The school was founded in 1560 with 21 boys.

Bablake church, now known as St John's, stands adjacent to the school's original buildings. The school holds concerts in the church, and has sung Evensong there. Many of the pupils were originally choristers of the church. The relationship continued through the figure of Edward Jackson, who from 1734 was vicar of the church and headmaster of the school. The expansion of the Bablake site continued via land grants. In the 1890s, Bablake moved to its current site in Coundon Road, where it continued as a public school with six all-boys' boarding houses.

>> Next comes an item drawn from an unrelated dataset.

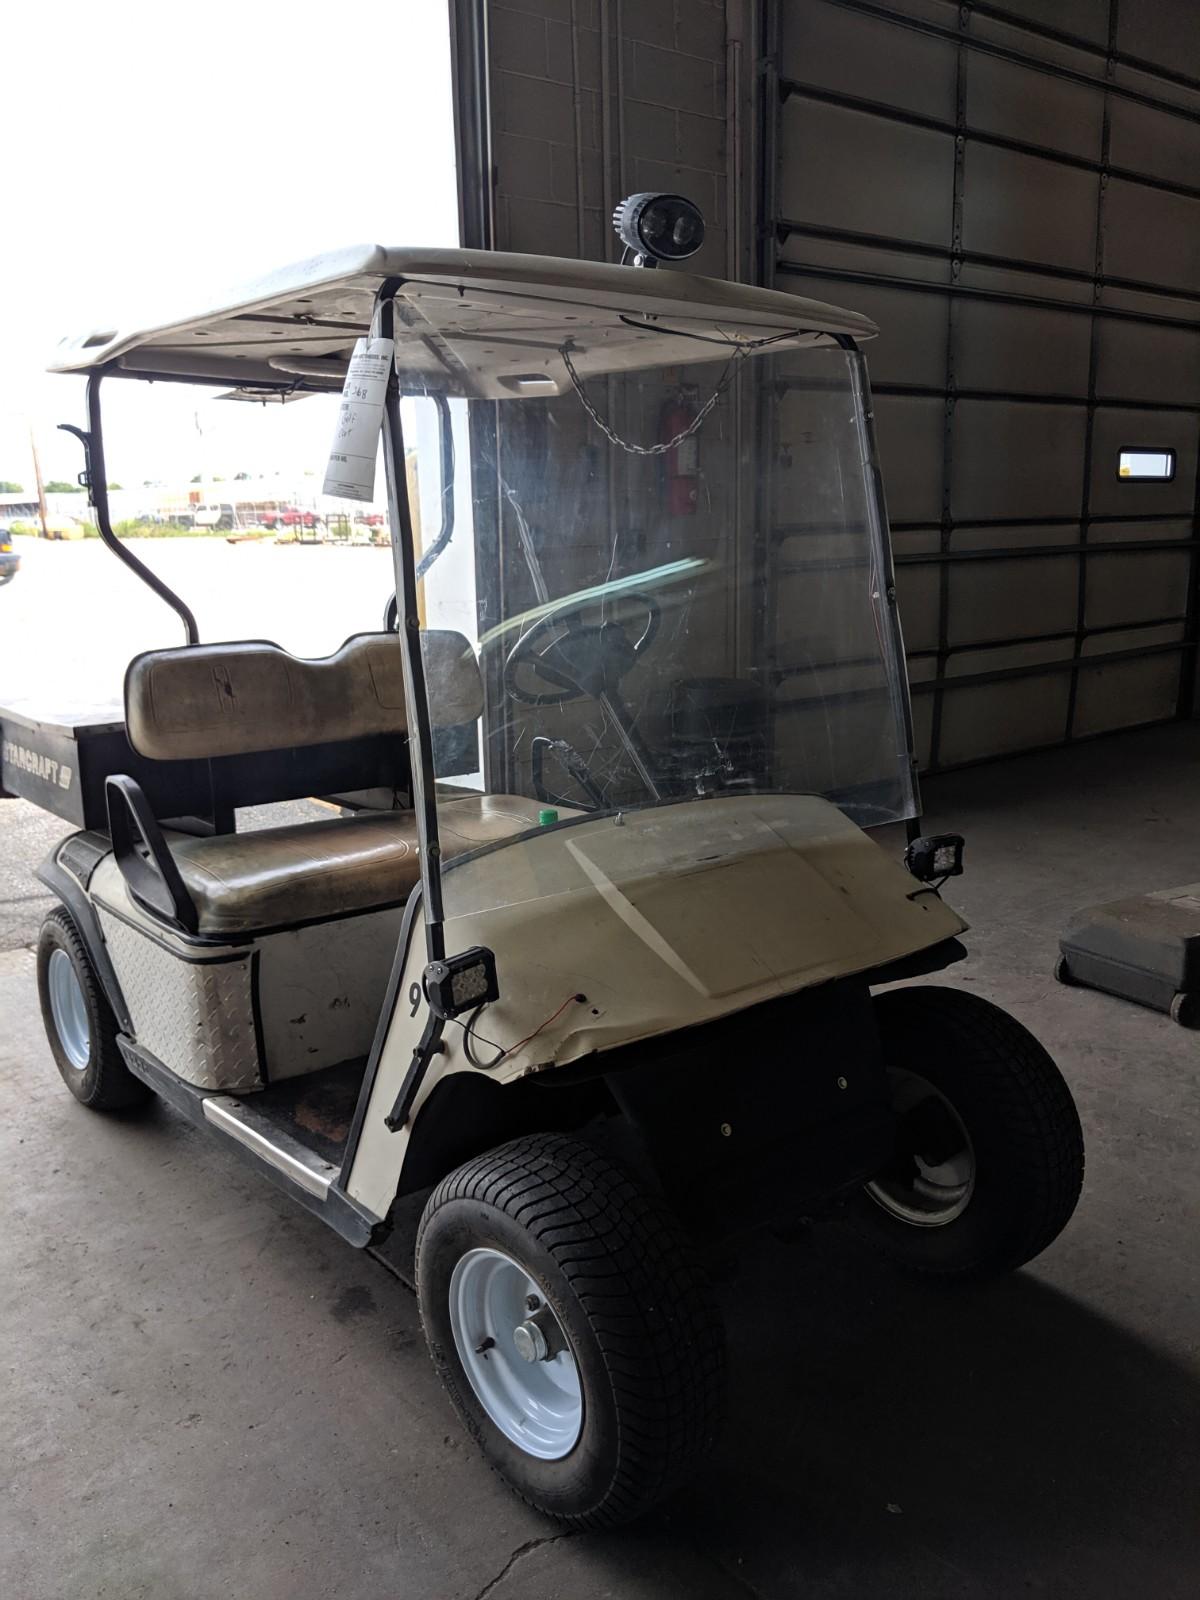 Lot 368 - EZ Go Golf Cart

In the 1930s, fifty acres of land on Hollyfast Road were purchased to expand the playing fields of the school. During the Second World War, the school was evacuated to Lincoln. In 1975 the first female pupil was admitted. The school had already stopped taking boarders. In the late 1980s the school built its modern languages block; a few years later Bablake Junior School opened and in 2000 the English, drama and music block was completed, sited on what was originally the headmaster's garden.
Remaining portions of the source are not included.